10. How much of the settlement fund can be used to pay claims for time spent dealing with the data breach? Can I just submit a bill with my hourly rate, you soul-sucking profit-prioritizing complicit ghoulish assho-

Ohhhkay let’s stop you right there. But yes, you can submit a claim for time spent getting credit monitoring or dealing with a fraudulent charge or any of the myriad ways this breach could have screwed you. You will be able to get a whole $25/hour for this! If you spent more than ten hours though, we want proof. Oh, and if you paid for anything we will need receipts.

What was the question? Oh, right

Remember that $31 million? Yeah the hourly stuff and the stuff you paid for is coming out of that too.
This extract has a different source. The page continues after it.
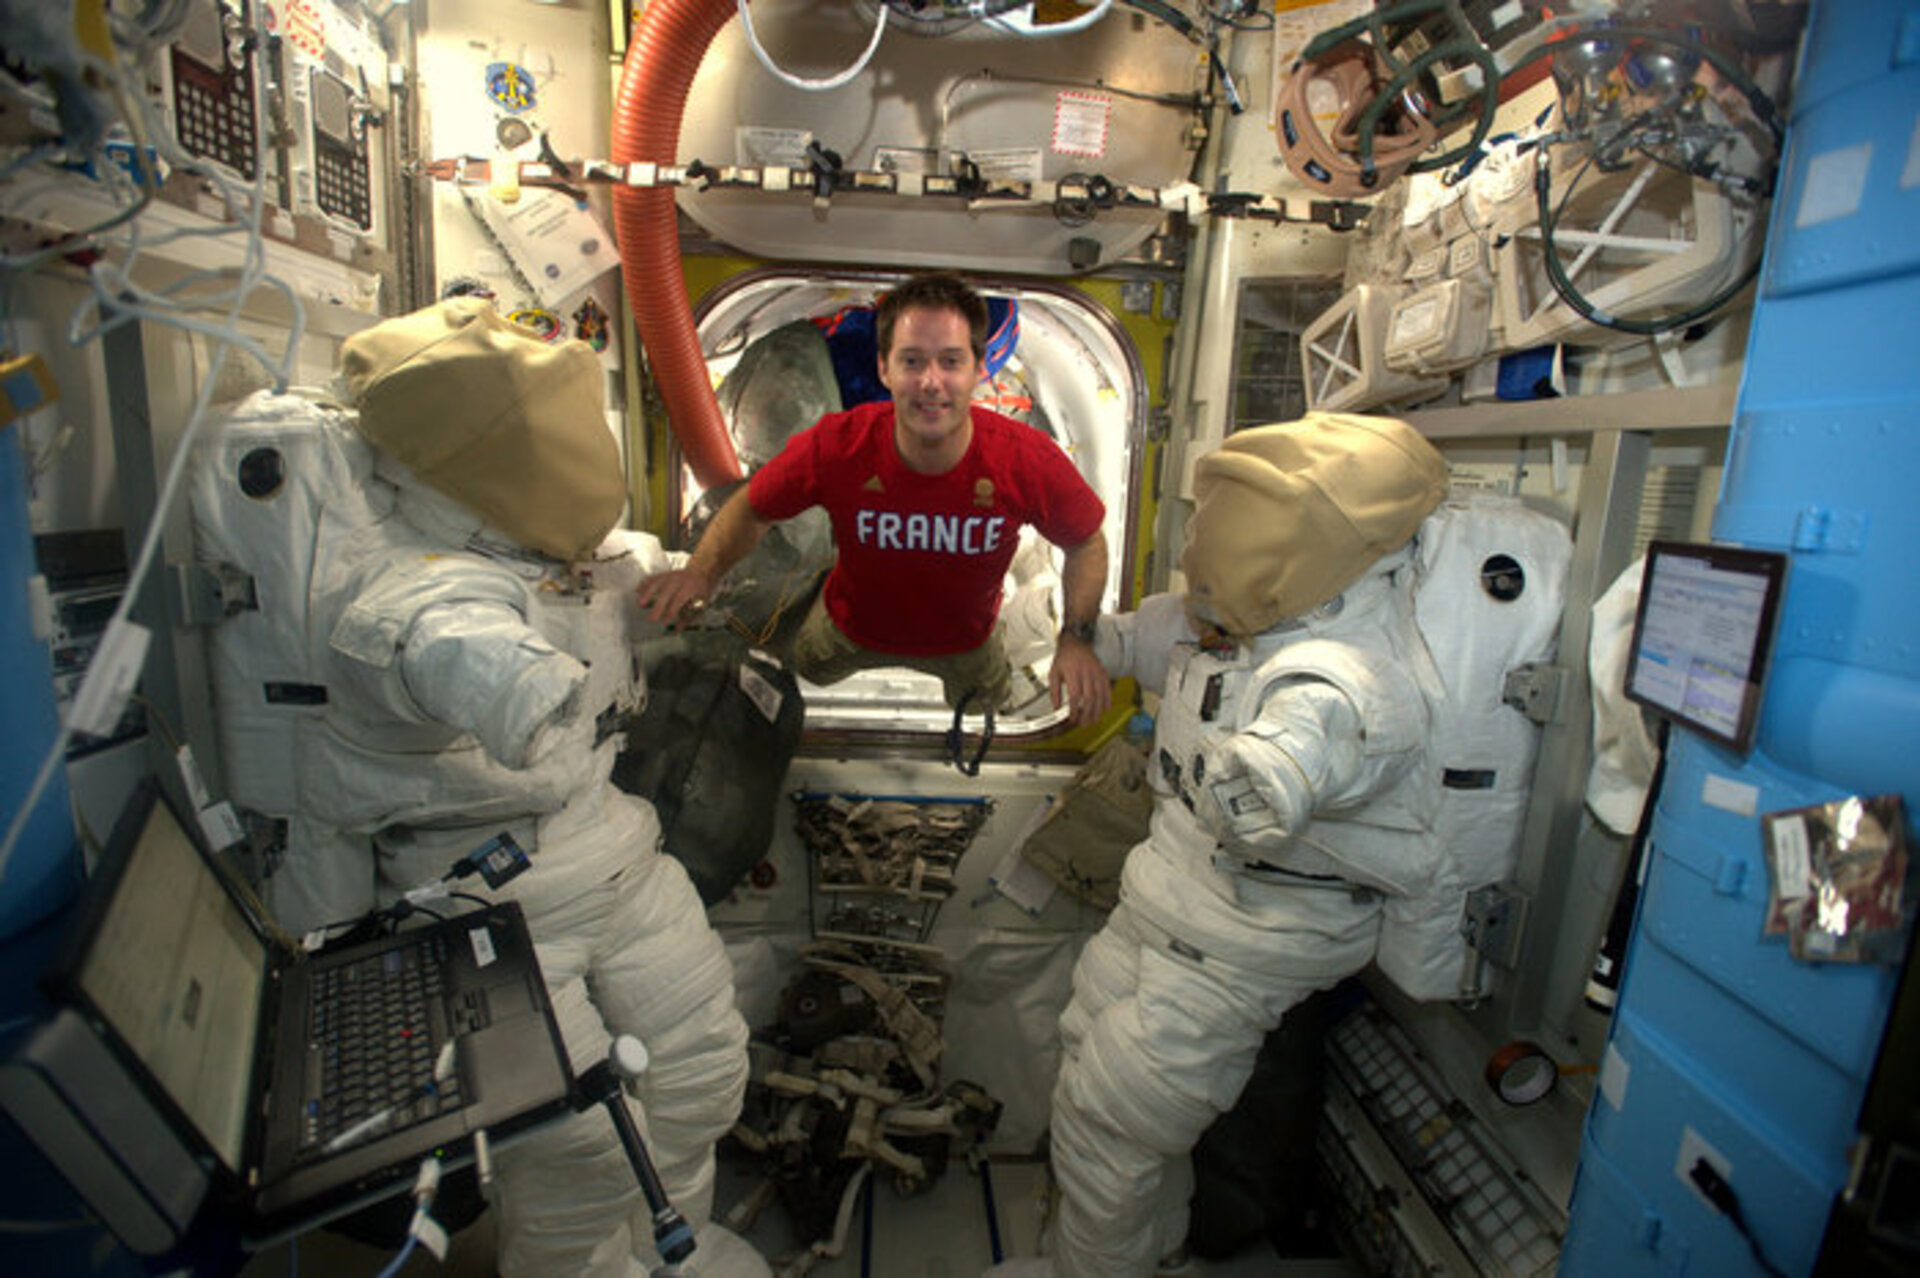 ESA astronaut Thomas Pesquet Rahvusvahelises kosmosejaamas skafandrite juures, mille tema ja komandör Shane Kimbrough reedel selga panevad. Foto: ESA/NASA
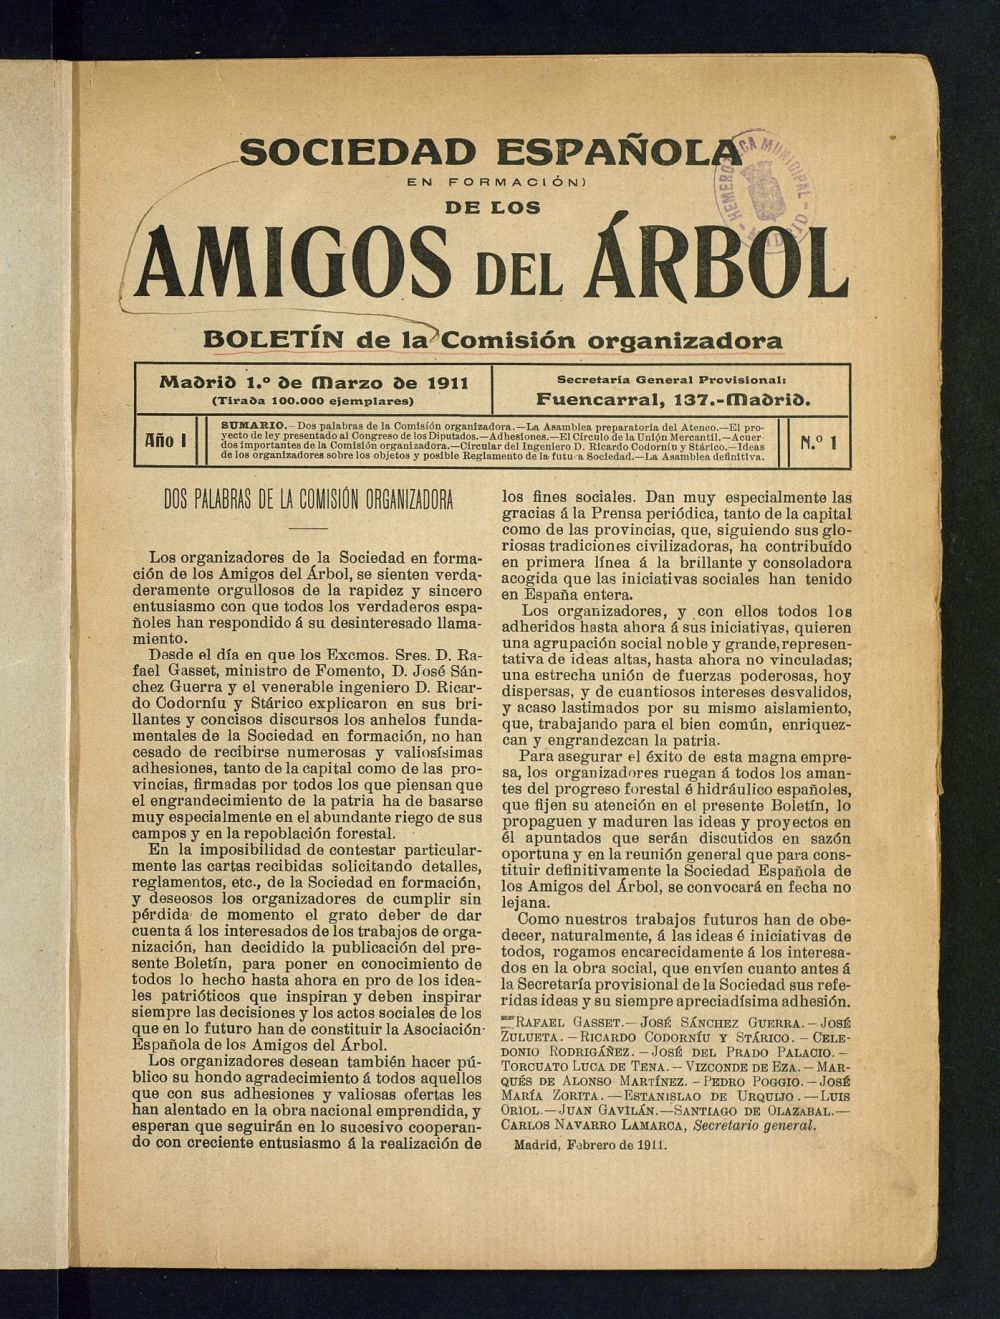 Boletn Comisin organizadora de la Sociedad Espaola de los amigos del rbol de marzo de 1911

We will slice this pie so thin you’ll be able to see us laughing at you through it.

11. *sharp inhale* did ANYONE with ANY amount of experience or skill or knowledge of even basic fractions look at this settlement or was it thought up by vindictive, drunk toddlers?

This seems like a trick question! But, yes, toddlers. We didn’t let them nap, either, before they drew this up. We really, really don’t like the idea of people getting money.

12. Equifax literally earns money by selling our information. Your revenue in 2017 was $3.36 billion. And that new CEO you hired can get up to $4.5 million in salary and bonuses and has $17 million in stock options. You didn’t even double the value of his stock options for the whole cash settlement you planned to offer. Are we a joke to you?

Mostly, yeah.

13. *rubs eyes tiredly* I’m not sure I was affected by the data breach. How can I find out?

Flip a coin, honestly. It was half of you.

14. What else can I do?

There’s a whole other website with different FAQs, if you still have the will to live. It includes the very complicated process for doing literally anything else other than signing up.